2ème Séance : Mardi 22 septembre

[…]
Le problème de la connaissance apparaît alors, lorsque cette attitude d’esprit prend en considération « le
rapport entre la connaissance et l’objet ». Husserl écrit, à l’alinéa 9 de cette première leçon (p. 39) :
« Avec l’éveil de la réflexion sur le rapport entre la connaissance et l’objet s’ouvrent des
abîmes de difficultés. La connaissance, qui, dans la pensée naturelle, est quelque chose qui va on ne
peut plus de soi, apparaît tout d’un coup comme un mystère. (…) Ce qui va de soi, pour la pensée
naturelle, c’est la possibilité de la connaissance. »

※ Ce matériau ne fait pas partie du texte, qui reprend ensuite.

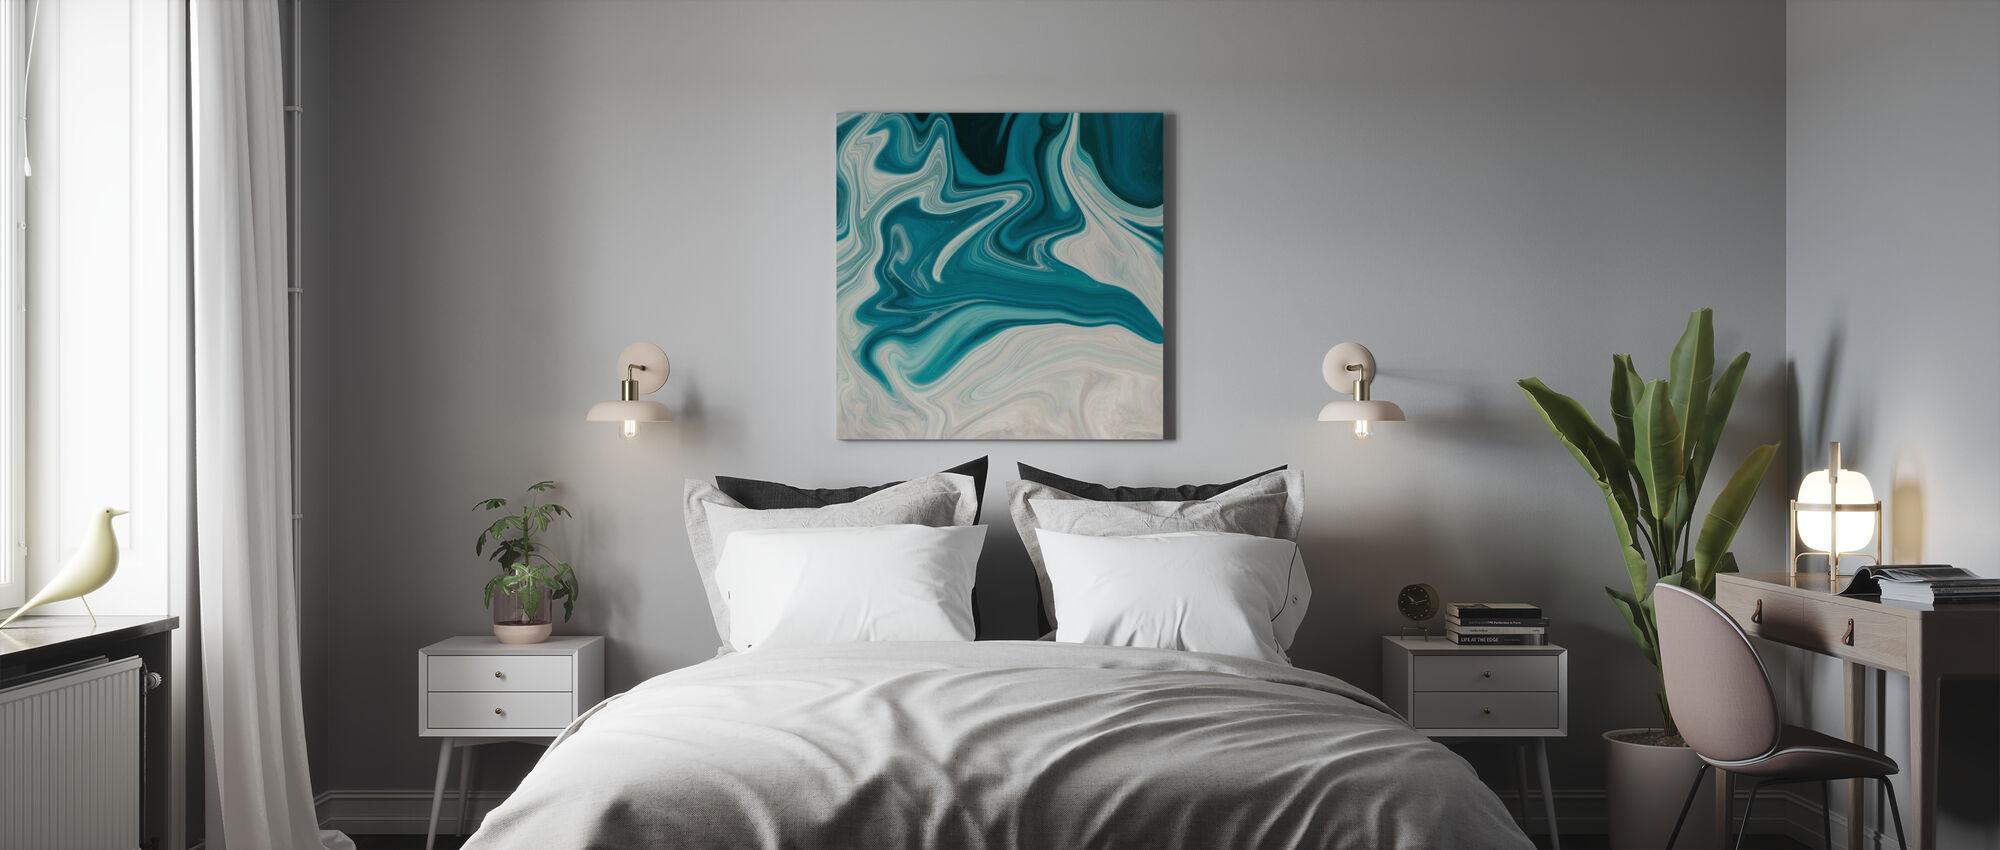 Marmorimeri - Canvastaulu - Makuuhuone

Le contenu et la structure du problème radical qui apparaît alors sont exposés, très clairement, par
Husserl à l’alinéa 12 de cette première leçon (cf. Texte d’appui n°1).

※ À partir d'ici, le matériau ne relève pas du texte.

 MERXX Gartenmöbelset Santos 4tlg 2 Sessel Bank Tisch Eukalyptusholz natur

Le problème consiste en ce que la connaissance, quand elle a lieu, semble réaliser une impossibilité :
la sortie de la conscience hors d’elle-même, hors du champ de la subjectivité vécue, pour atteindre l’objet
en soi. Comme le montrent bien les premières lignes de cet alinéa 12, le problème résulte de ce qu’il est
évident, pour le sujet connaissant quand il passe à l’état réflexif, c’est-à-dire quand il prend conscience de
son propre acte de connaître, que « la connaissance est un vécu psychique : une connaissance du sujet
connaissant ». Dans la mesure où le passage de l’attitude naturelle à une posture de réflexion, c’est-à-dire
à la prise de conscience de l’acte vécu du connaître comme d’un acte qui est sien justement, comme lui
étant propre, fait apparaître le caractère psychique, c’est-à-dire immanent à la conscience, de cet acte,
l’objet connu, lui, apparaît nécessairement comme opposé à cette immanence, comme situé en dehors de la
sphère psychique. C’est pourquoi Husserl peut écrire :
« (…) La connaissance est un vécu psychique : une connaissance du sujet
connaissant. Opposé à elle, il y a les objets connus. Or, comment maintenant la connaissance
peut-elle s’assurer de son accord avec les objets connus, comment peut-elle sortir au-delà
d’elle-même et atteindre avec sûreté ces objets ? La présence des objets de connaissance
dans la connaissance, qui, pour la pensée naturelle, va de soi, devient une énigme. »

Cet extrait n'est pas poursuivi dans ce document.